▶ Your goal:
Give the whole listing below once more, exactly, without pictures.

▶ Data excerpt:
---------------

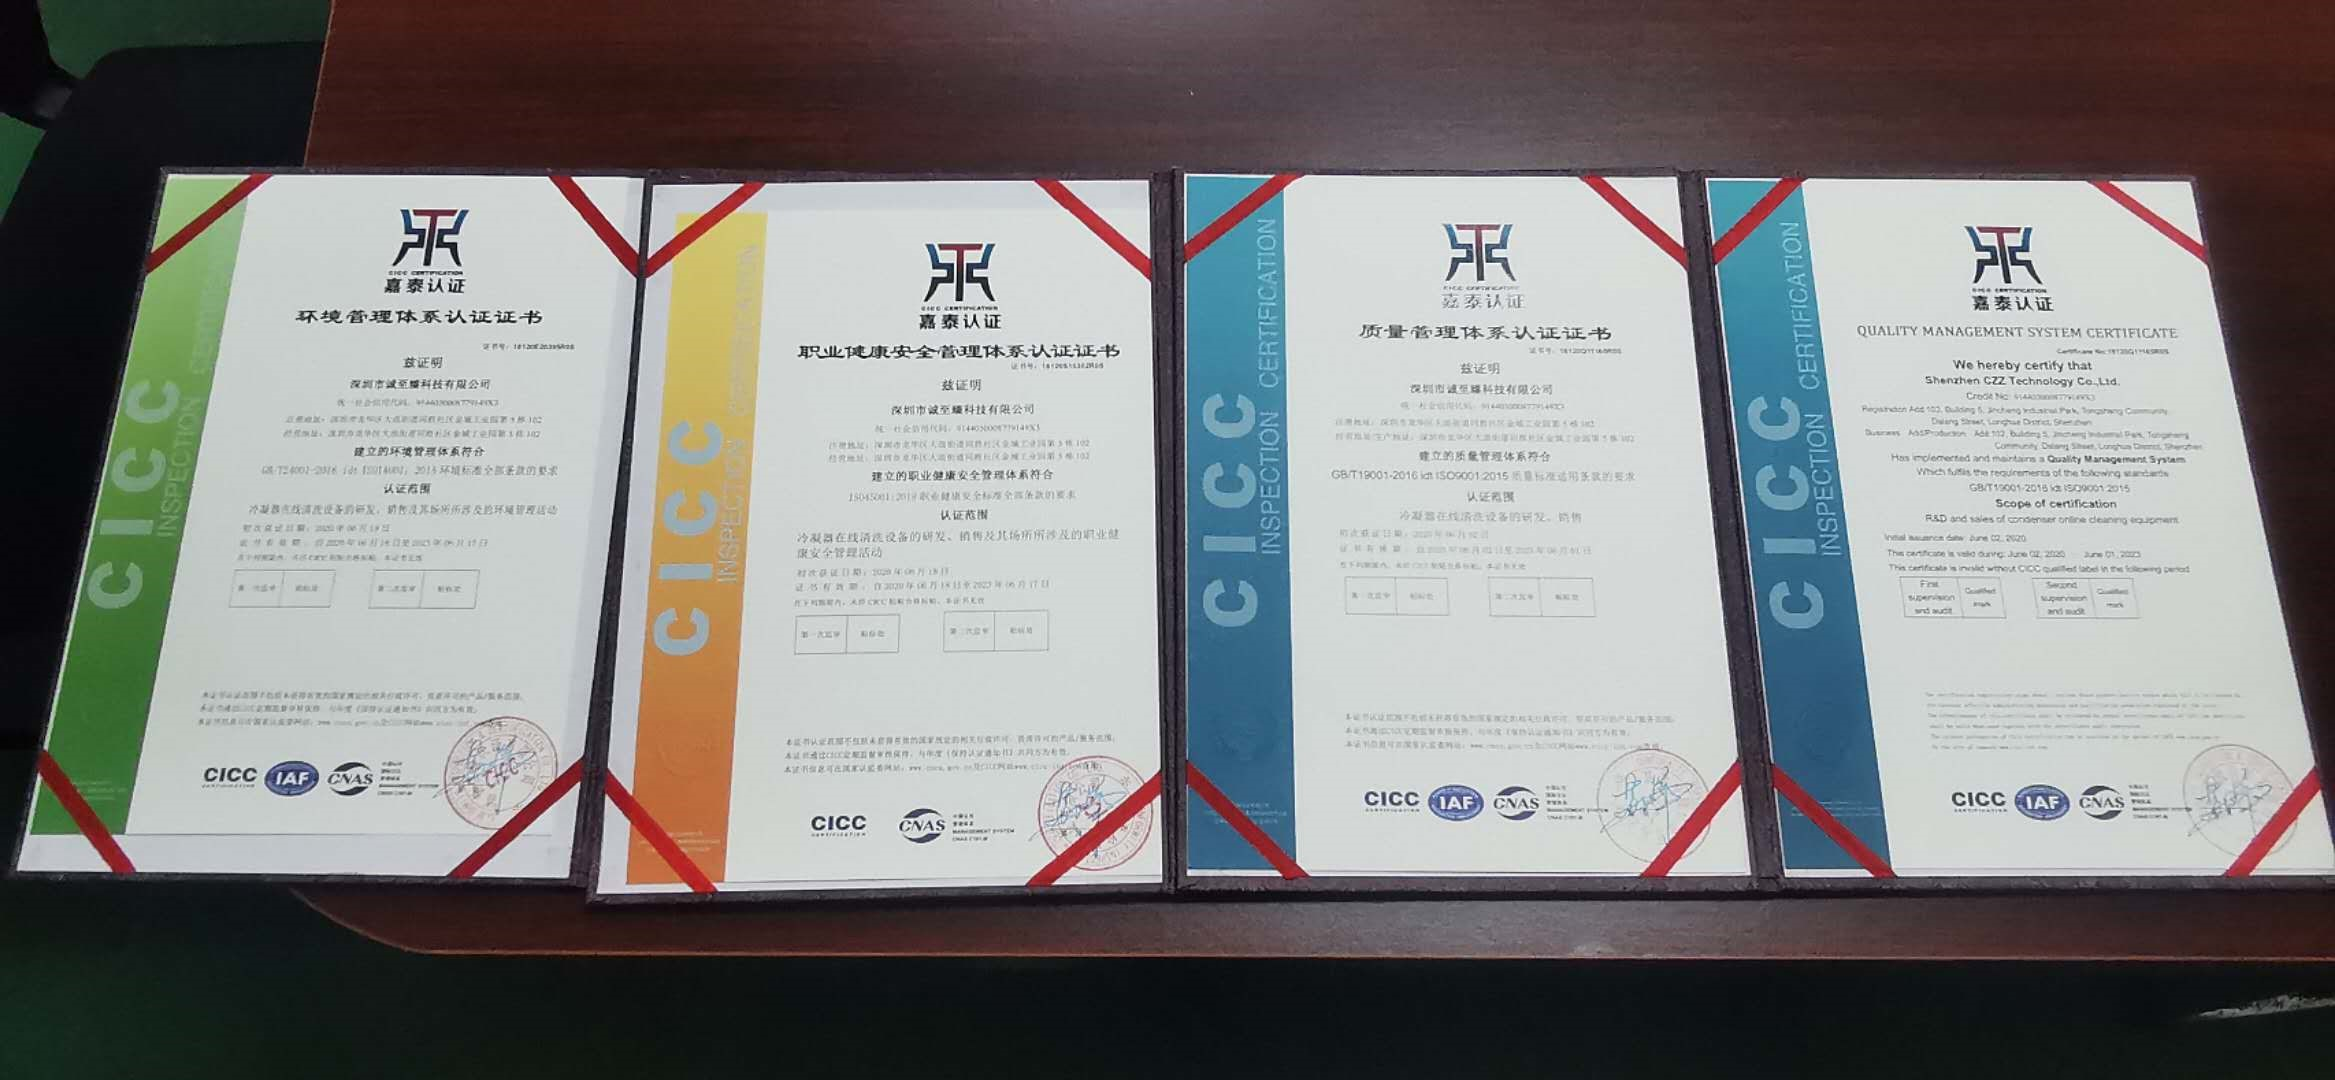 深圳诚至臻科技 2020年通过国家认证的ISO质量、环境、健康安全体系
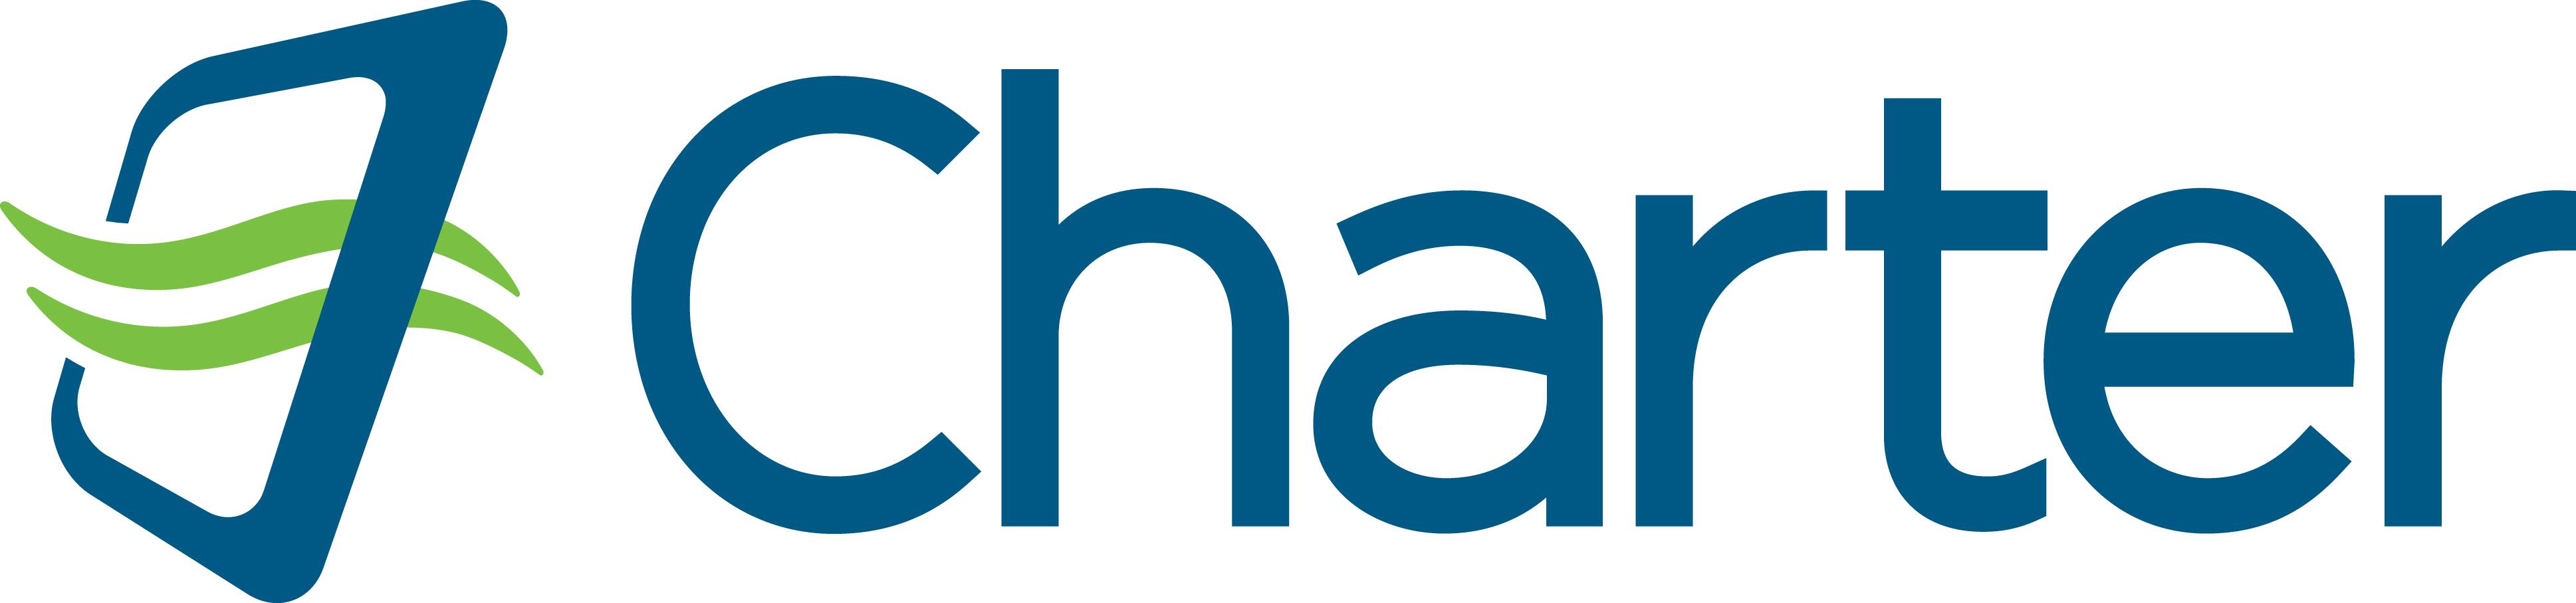 U.S. Cellular Logo.
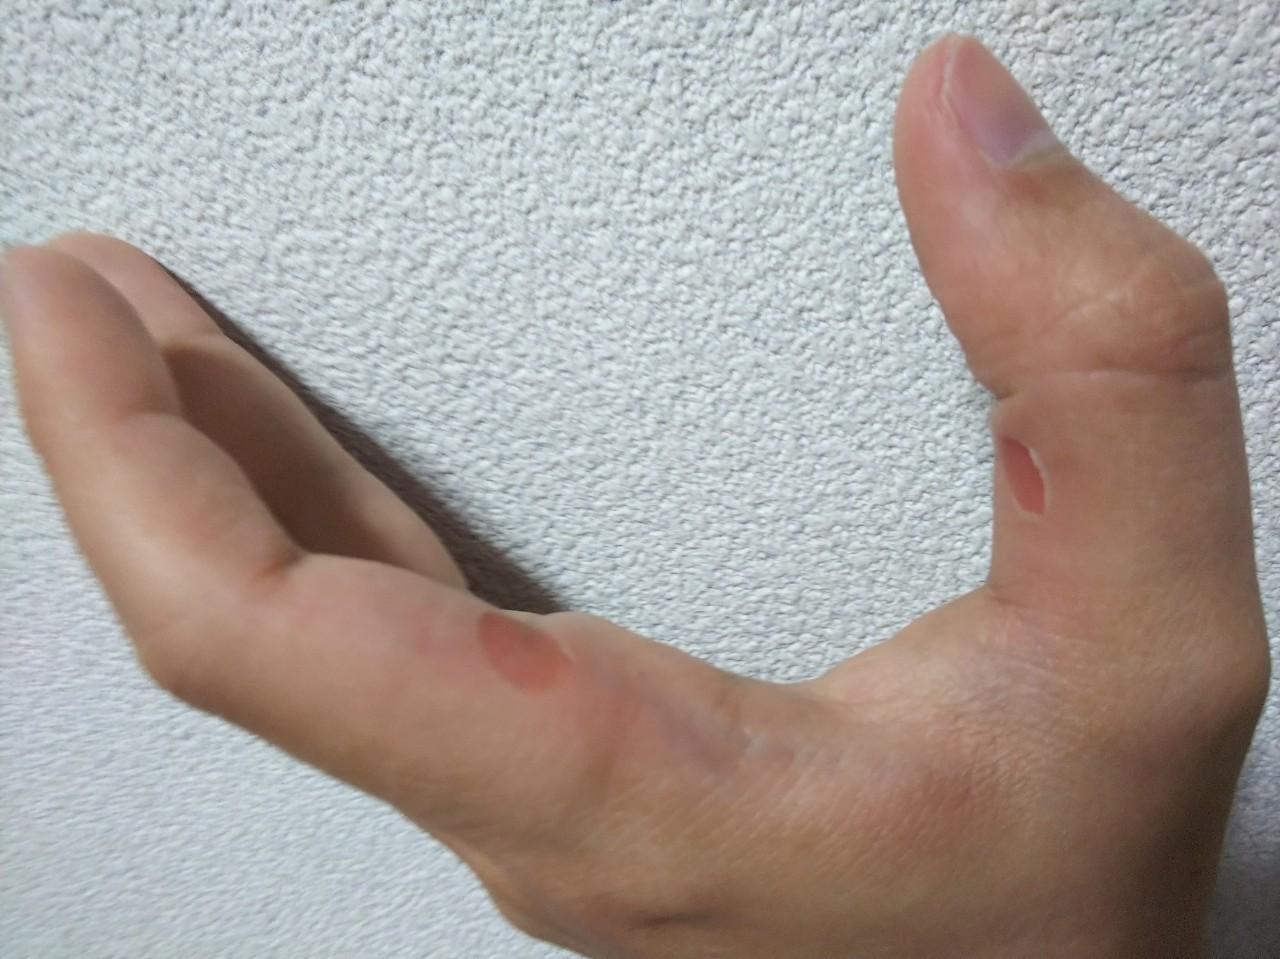 剥ける 指先 の 皮

---------------

▶ Output below:
 深圳诚至臻科技 2020年通过国家认证的ISO质量、环境、健康安全体系
 U.S. Cellular Logo.
 剥ける 指先 の 皮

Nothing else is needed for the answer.